Controversial drama The Apprentice has bombed stateside but it’s attracting bigger audiences in other parts of the world

I’ll be the first to admit that I did not want to watch The Apprentice, the new film chronicling Donald Trump’s ascendancy through 1970s and 80s New York. Like most people in my liberal social circle, my reaction to the movie’s existence was essentially: why? Why watch two hours of a de-handsomed (though still recognizable) Sebastian Stan as the young real estate mogul, and Jeremy Strong as his mentor Roy Cohn, go through events I already know – if not in exact detail, than certainly in spirit – in the life of a man I actively wish I knew less about?

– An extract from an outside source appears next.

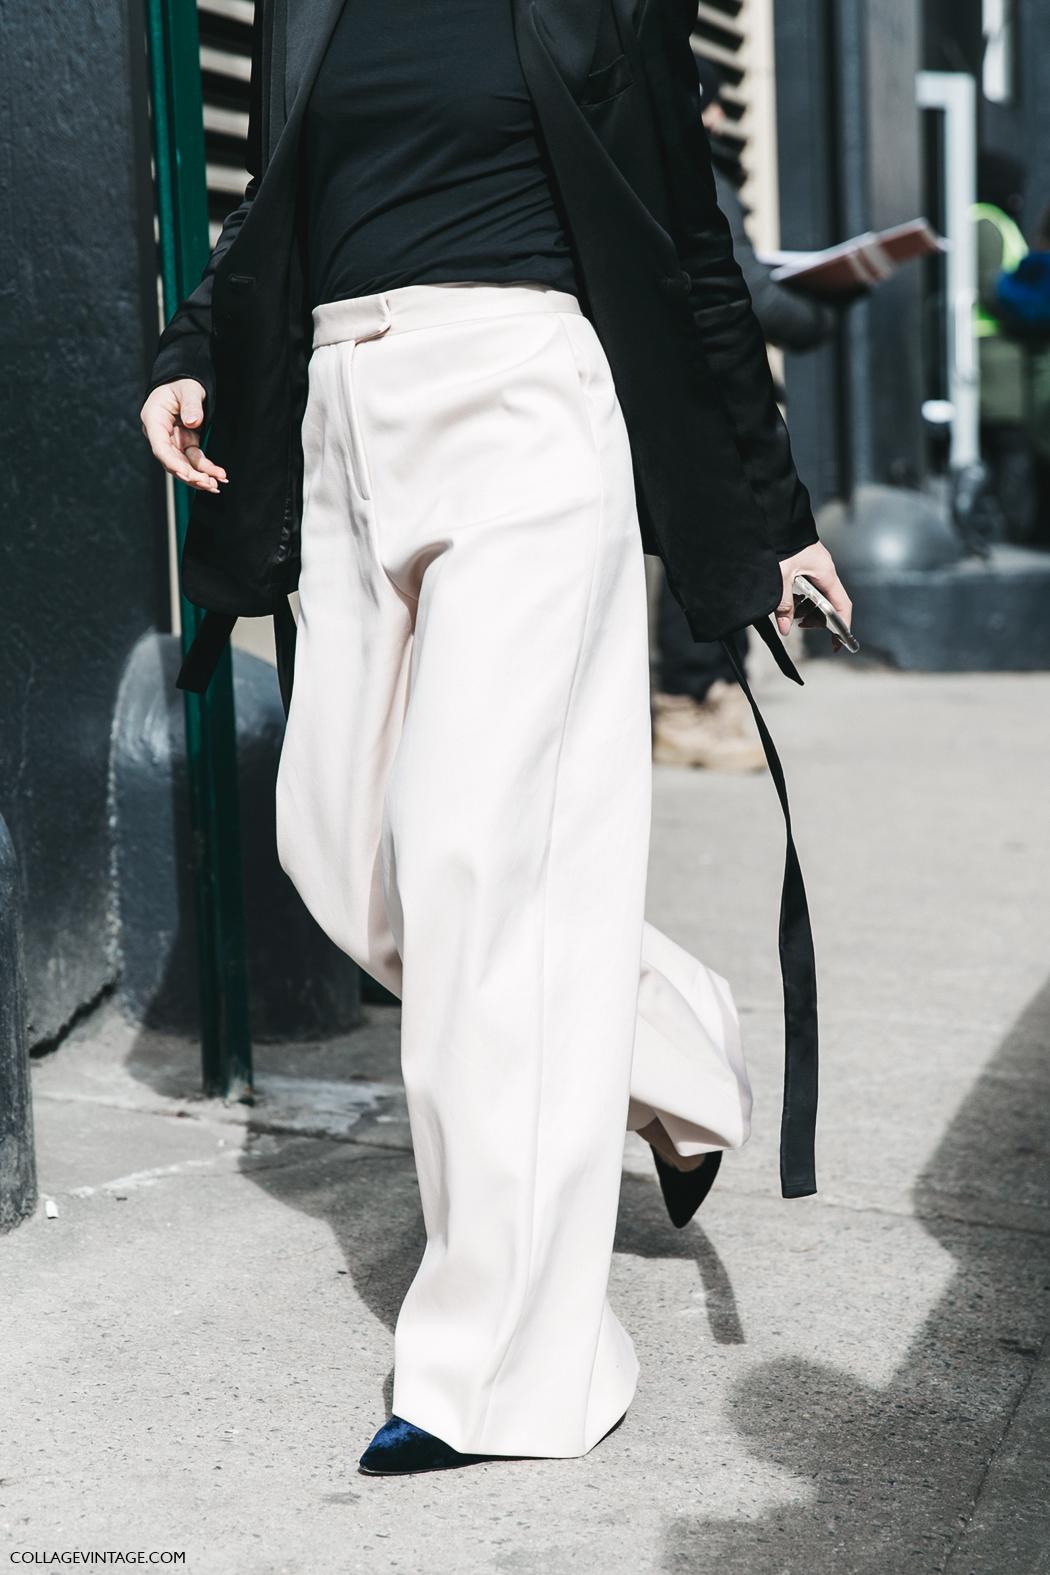 NYFW-New_York_Fashion_Week-Fall_Winter-17-Street_Style-Black_And_White-
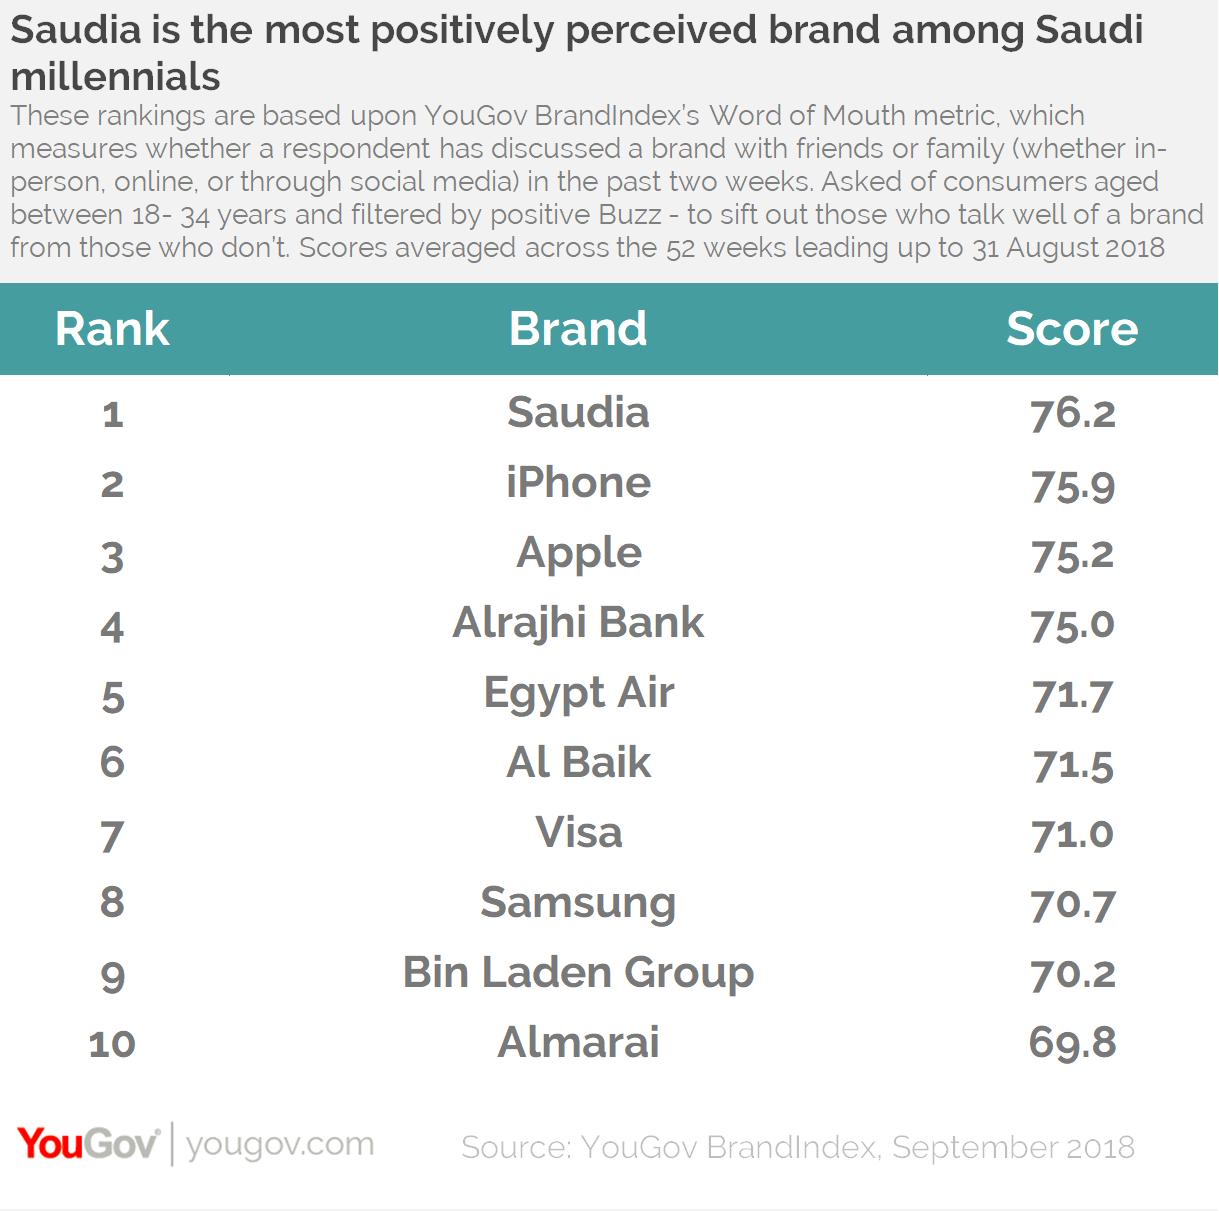 YouGov Millennial Brand Rankings: Top 10 KSA

And yet I found the film, written by Vanity Fair’s Trump chronicler Gabriel Sherman and directed by Iranian Danish film-maker Ali Abbasi, to be surprising. Not in material – even if you’re not the most well read on Trump prior to his presidential campaign in 2015, his public character has long been consistent – but in its straightforward approach to depict the life of the former president. Though predictably dismissed by Republican figures and Trump himself as a hack job (or more specifically, “a cheap, defamatory and politically disgusting hatchet job, put out right before the 2024 Presidential Election, to try and hurt the Greatest Political Movement in the History of our Country”, as Trump wrote on Truth Social), The Apprentice is an overall sincere movie, attempting to depict a highly contentious figure as close to the emotional truth as possible, while remaining entertaining. As Sherman told me before its release: “It’s such a universal story about the apprentice outstripping the master … I hope people can experience it on its own terms and not bring all their political baggage to it.”